One thing about the original Allen & Ginter sets is that there's a whole bunch of sets about birds. Five sets about birds in fact. Two hundred fifty cards all featuring birds. Dirty, disgusting, filthy, lice-ridden birds. You used to be able to sit out on the stoop like a person. Not anymore! No, sir! Birds!
I don't have anything against birds per se, they just don't excite me all that much. I'm also irritated because the only bird out of the 250 that I'm specifically looking for is in a set where I've only seen a small handful of any of the cards for sale. There's just as many flags as birds and those get tedious too, especially after getting outbid for yet another naval flag and watching all the city flags for places you've actually been to get bids three times the price of the rest of them. Birds were popular back in the 1800's though, and it's understandable A&G put out so many fowl sets. Naturalism was big, Audubon was popular, and hunters could use a handy reference in trading card form to see what they just shot. Birds are colorful and pretty too, a good subject for the lithography of these sets.

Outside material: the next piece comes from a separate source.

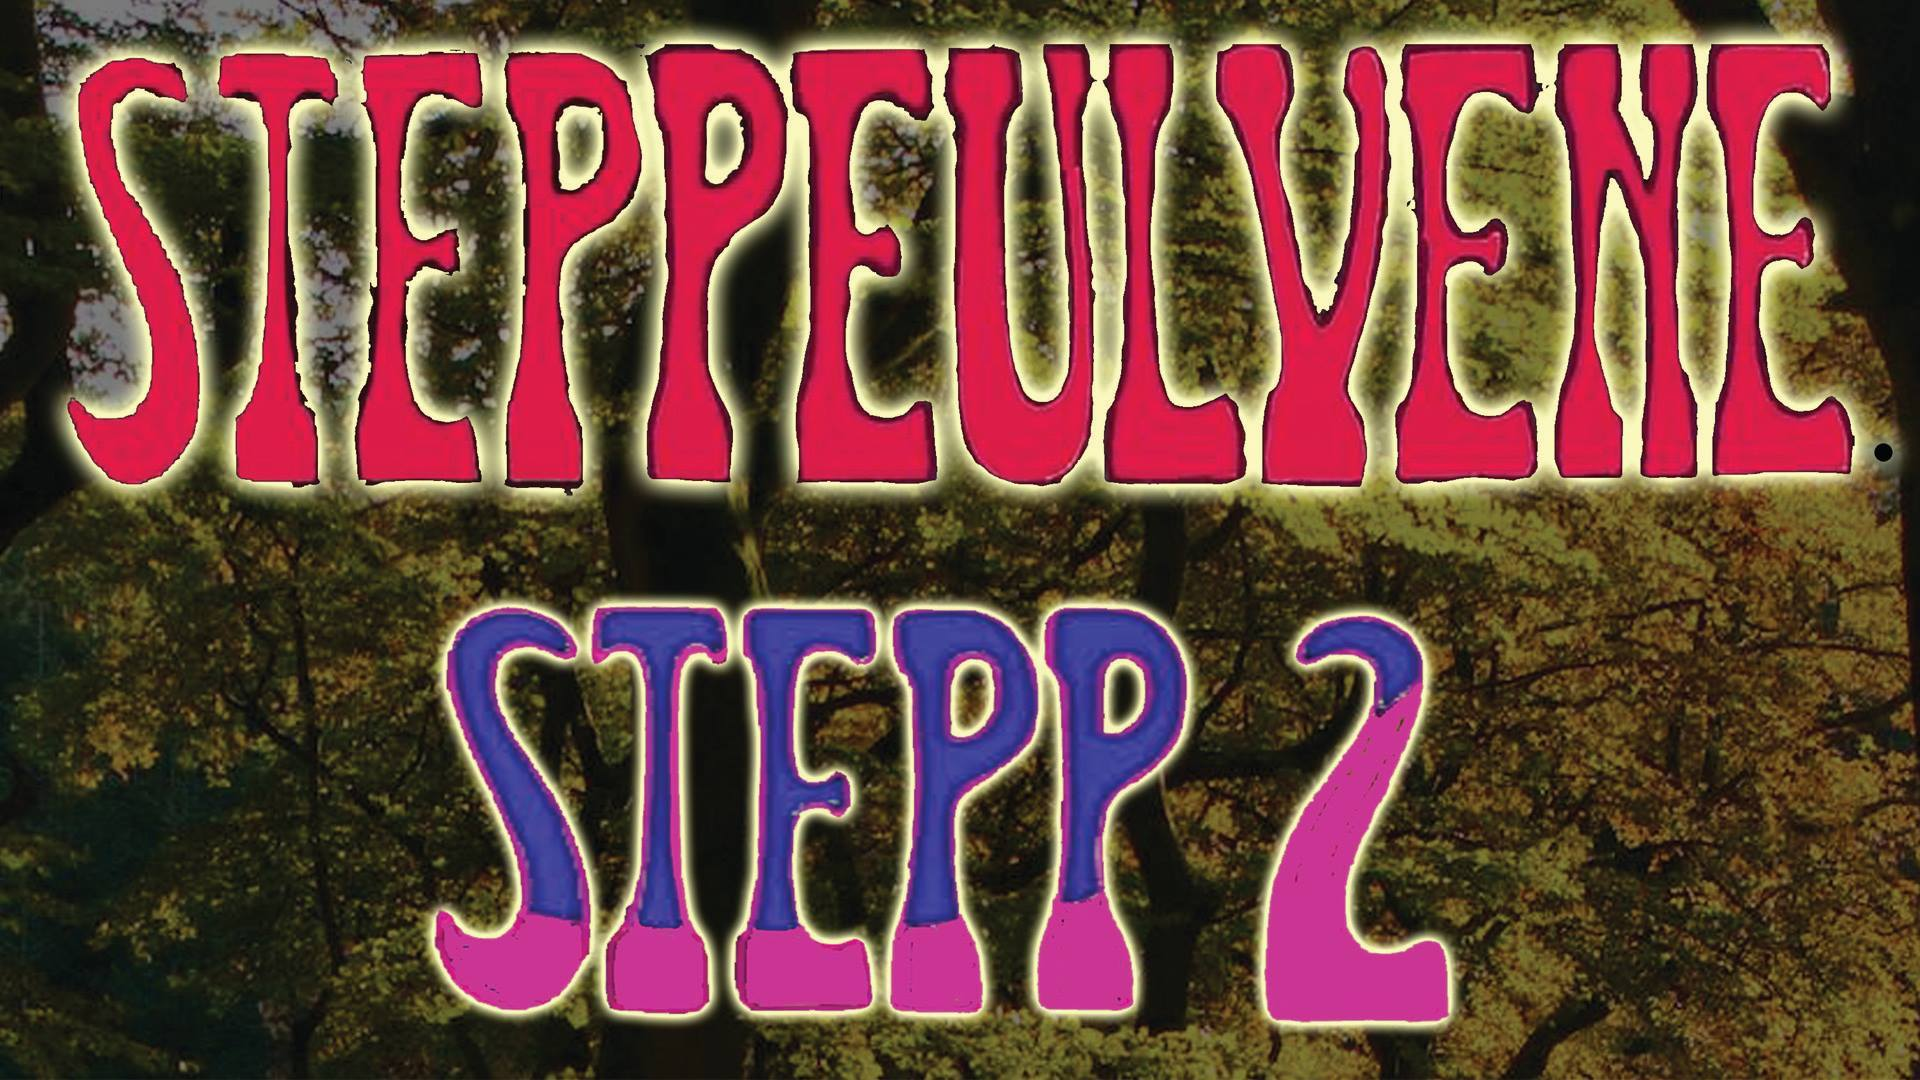 Harders - Stepp 2

I picked up the Great Bird of Paradise from the N5 Birds of the Tropics set. This bushy boid came from qcardsataol for the low, low price of 5 bucks. I almost got an Apterix for the obscure B.C. reference, but I missed out. This card is pretty nice though and if I hadn't got it I would never have seen this hot feathery action from a documentary by Sir David Attenborough. Be careful where you watch this, that bird is a tropical Ron Jeremy. I don't want any of you getting an avian harassment charge.